The neat thing is this: In spite of what they did, right or wrong, getting ahead of the game or not, God didn't chide them for it. Instead, God sent the Holy Spirit and started the Church.
We have a lesson to learn from this. God does it. God has not abandoned His Church. God has not abandoned this Church.
I do not want to get ahead of what God is doing in the Church.
I appreciate the fact that Peter wasn't lazy and I appreciate the fact that he was chomping at the bit to get busy carrying on the work that Jesus called the Church to do.
But look at the difference in the work when the Holy Spirit got involved.
The apostles called Matthais to replace Judas the betrayer. But Matthais is not listed in any of the lists of the 12 apostles. His appointment amounted to nothing. In the book of Acts, later on, the Apostles appoint deacons to do the work of caring for the sick, and managing the church. And these deacons did some pretty tremendous things by the power of the Holy Spirit, but this is the first and the last that we hear about Matthais.
However, in Chapter 2, when we read about what happens when the Holy Spirit comes, and the Church is working in God's power and not its own, in one day 3,000 people are added to the church.
This is our birthday. This is a day for us to commit again to believing in God's power for us.

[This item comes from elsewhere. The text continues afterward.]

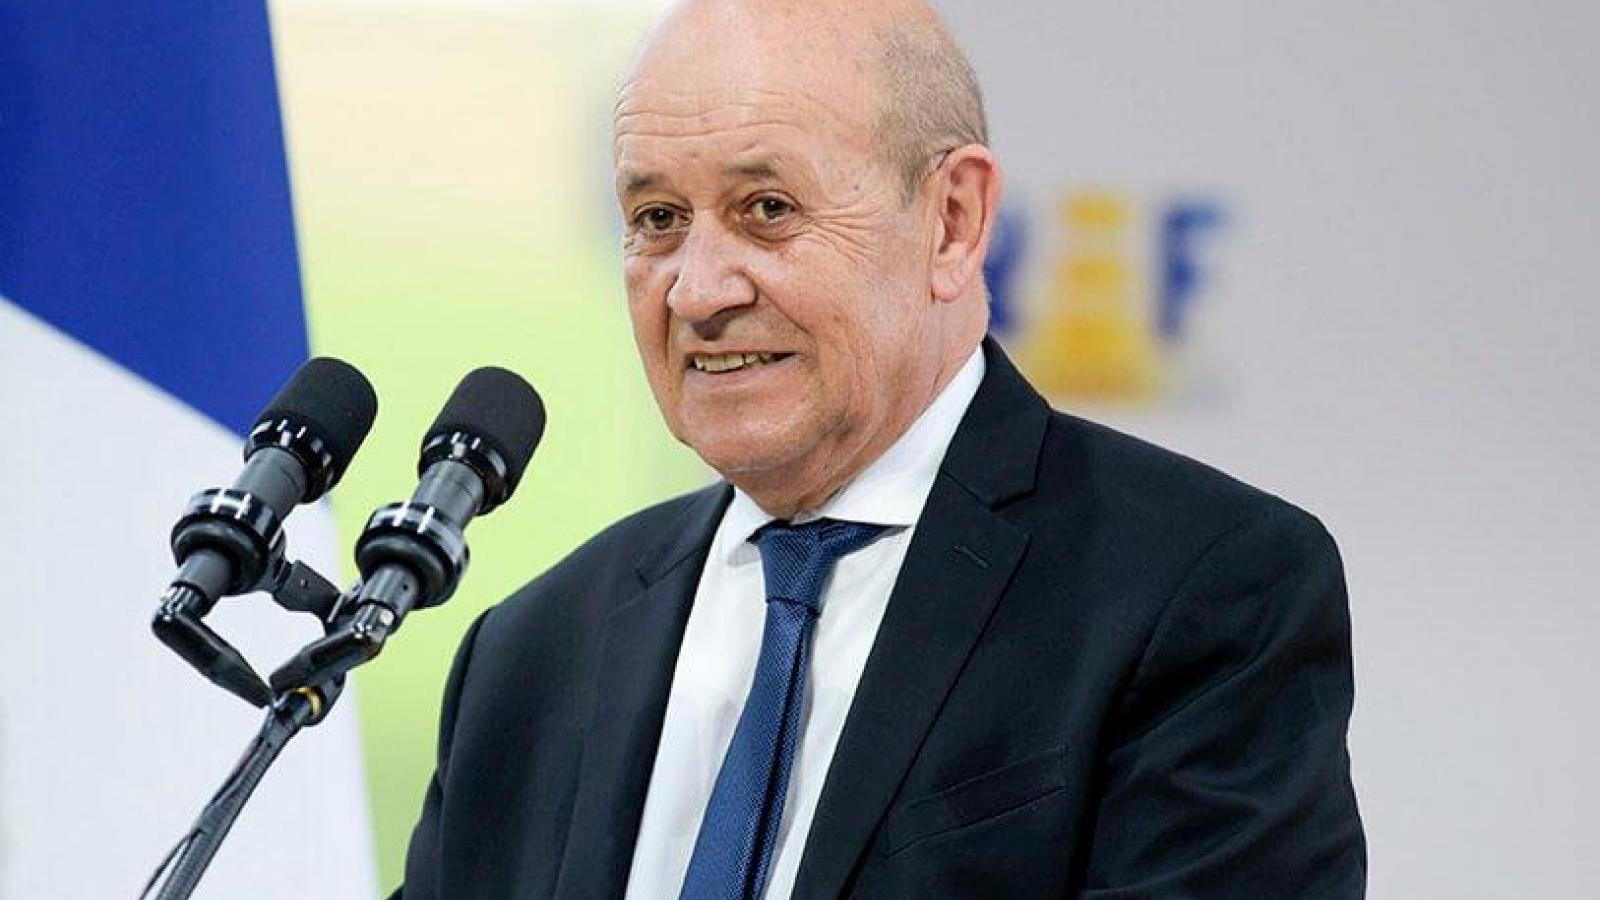 Ngoại trưởng Pháp thăm Ấn Độ, công bố tham gia Sáng kiến Ấn Độ Dương – Thái Bình Dương

There is really only one catalyst for this great move of God in Acts 2. The scripture says that they were together praying, and there was no division among them. They were still the same people who could have had grudges, but because of their mission, they refused those grudges.
I appreciate the fact that they were not lazy. Peter tried something to do to lead them when he convinces them to appoint Matthais as Judas' replacement.
It didn't amount to anything. And, they didn't hold it against him.
Instead, the Bible says the Church began its growth when they were in unity, praying together. That is when the Holy Spirit came.